Before I really knew my friend's girlfriend I was always really surprised to hear guys making fun of her to her face and calling her "a stupid girl" or saying things like "fuck this, you're just a chick". It always happened that I had just walked into the room or I had just joined the conversation at that point and I'd find myself automatically defending her [but mostly defend "myself" because they were generalising against females]. I was most surprised that her boyfriend never really stood up for her. The rest of the "group" was made up of guys that I didn't know so well, with the exception of my boyfriend, who I never had problems hitting over the head or telling off if I'd catch him saying anything. His responses were always along the lines of "P, you have no idea..LISTEN to what she's saying. If anything, you should be defending yourself against HER."

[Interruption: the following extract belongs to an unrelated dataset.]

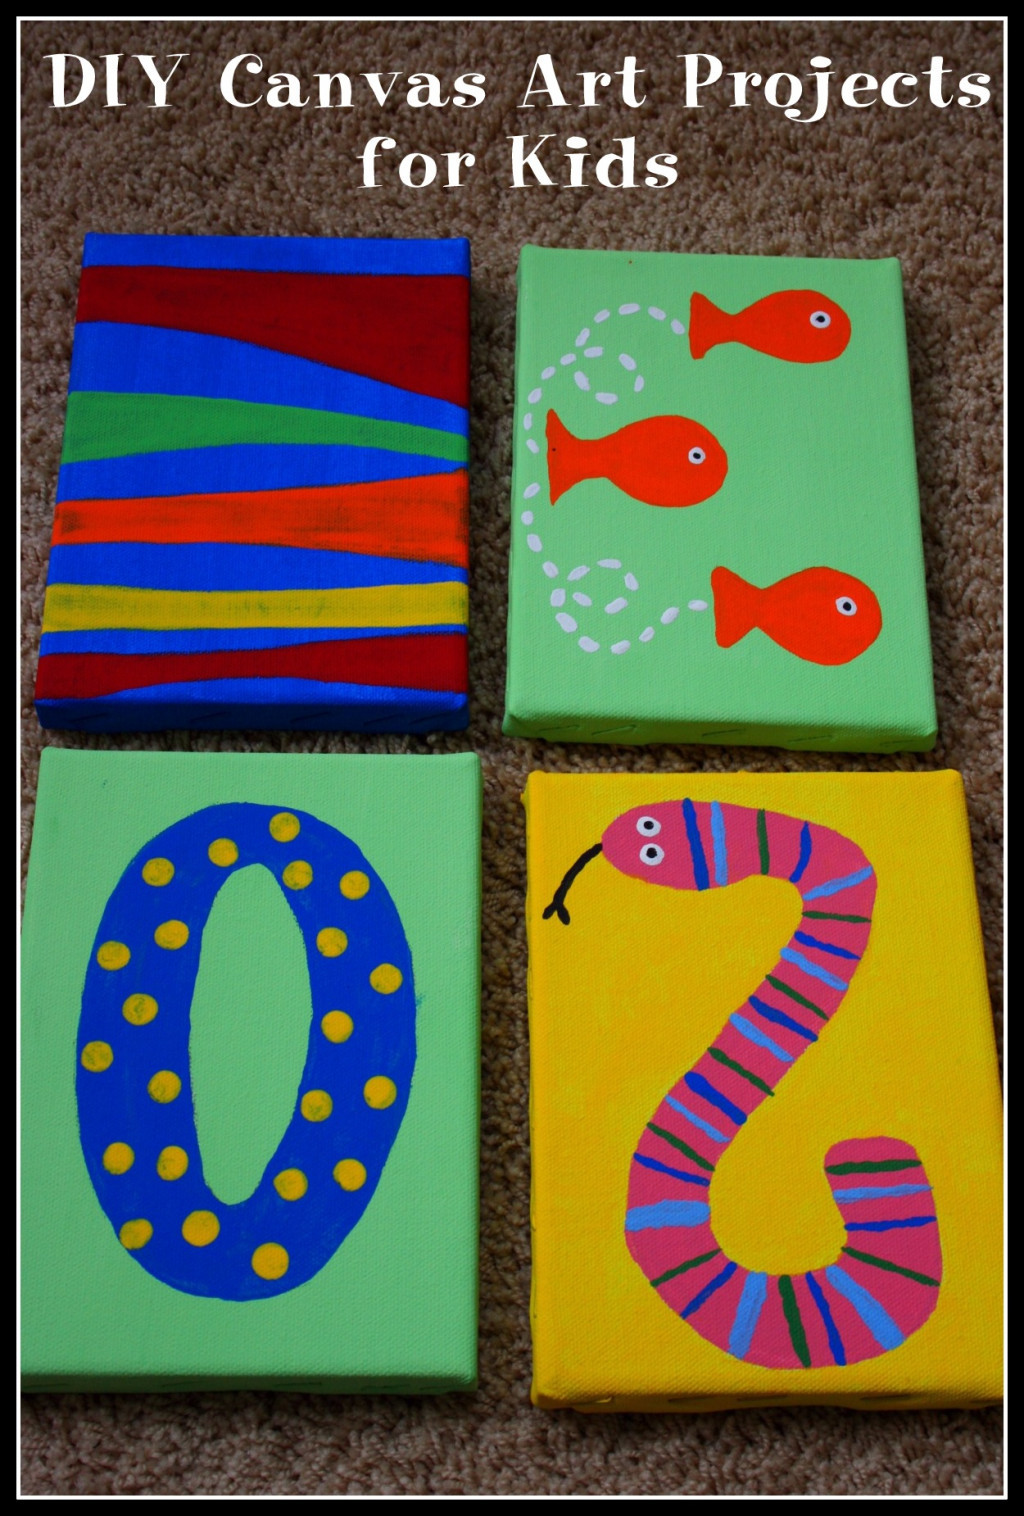 DIY Art For Kids
 DIY Canvas Art Projects for Kids

The more I got to know her, the more I became annoyed with her and slowly I realised that I would be throwing in my own comments to make fun of her. It was the same type of thing that Howitzer described where I just couldn't tolerate her stupidity any longer. And there is really no other way to deal with this if you can't ignore the person completely. She would say something, expect a response..and all I could think of to say was "Are you fucking serious?" This girl HAD to be fairly academically intelligent and have some common sense because she was studying [and getting better grades than me ;)] at my university to be an engineer.

I am still unsure what her problem was but after 4 years she has finally realised that acting retarded gets you nowhere and she's smartened up her act. We still don't get along perfectly with things like when she wants to talk about her clothes and "how boyfriends should be" but in other respects she's become one of the few girls I can tolerate for a long period of time. We've been away on small trips together and things like that.

Moral of the story: people freak me out.

Anyway Jenn, I think whereas the "assholes" in my story were frustrated guys, your dude seems more like an ass who wants some reactions and wants to feel good about himself at other people's expense.

If all else fails you can lead him into a dark alley way and kick his ass. We all know you're capable.


 
addi Posted: Tue Nov 29 07:00:02 2005 Post | Quote in Reply  
  Sweet P said:


>Moral of the story: people freak me out.

lol
I HATE people! That's why I only hang around with dogs and imaginary friends.

>If all else fails you can lead him into a dark alley way and kick his ass. We all know you're capable.

It's twoo! Jenn has a "pink" belt in Karate...that's why I'm always so nice to her.


 
jennemmer Posted: Tue Nov 29 08:47:40 2005 Post | Quote in Reply  
  Howitzer said:

>I can say that to certain women, i am the world's biggest jerk. Mostly because I don't respect how some of them are still on that "acting dumb is cute" antic, while really it is just dumb.


Oh, I'll admit that very few things drive me more crazy than watching a perfectly capable person act like an idiot to get attention. It seems sort of the opposite equivalent of getting really drunk and acting like an ass to get attention.

Just where do people get the idea that this is going to make them _more_ wanted?


 
Howitzer Posted: Tue Nov 29 10:01:22 2005 Post | Quote in Reply  
  because some men still want a wife, not a partner, or a fuck-buddy and not a buddy. So when a woman is 'playing-dumb', the guy says 'hey, here is one who can't think for herself. perfect, i will be the one in charge adn i can get away with whatevr i want'. maybe not all that is conscience, but it is there on some level.

Perhaps I am resentful, to a degree, to those dumb women because it works and i know there is a part in me that is attracted to it. But mostly i don't like it when my roommates and i are having a great discussion and one of our girlfriends interrupts with "this is boring, i don't know what you are talking about" or "i want to go shopping" (those are mostly the responses of the one woman i dislike, but all of them have been known to say it on occasion, she is jsut the worst.)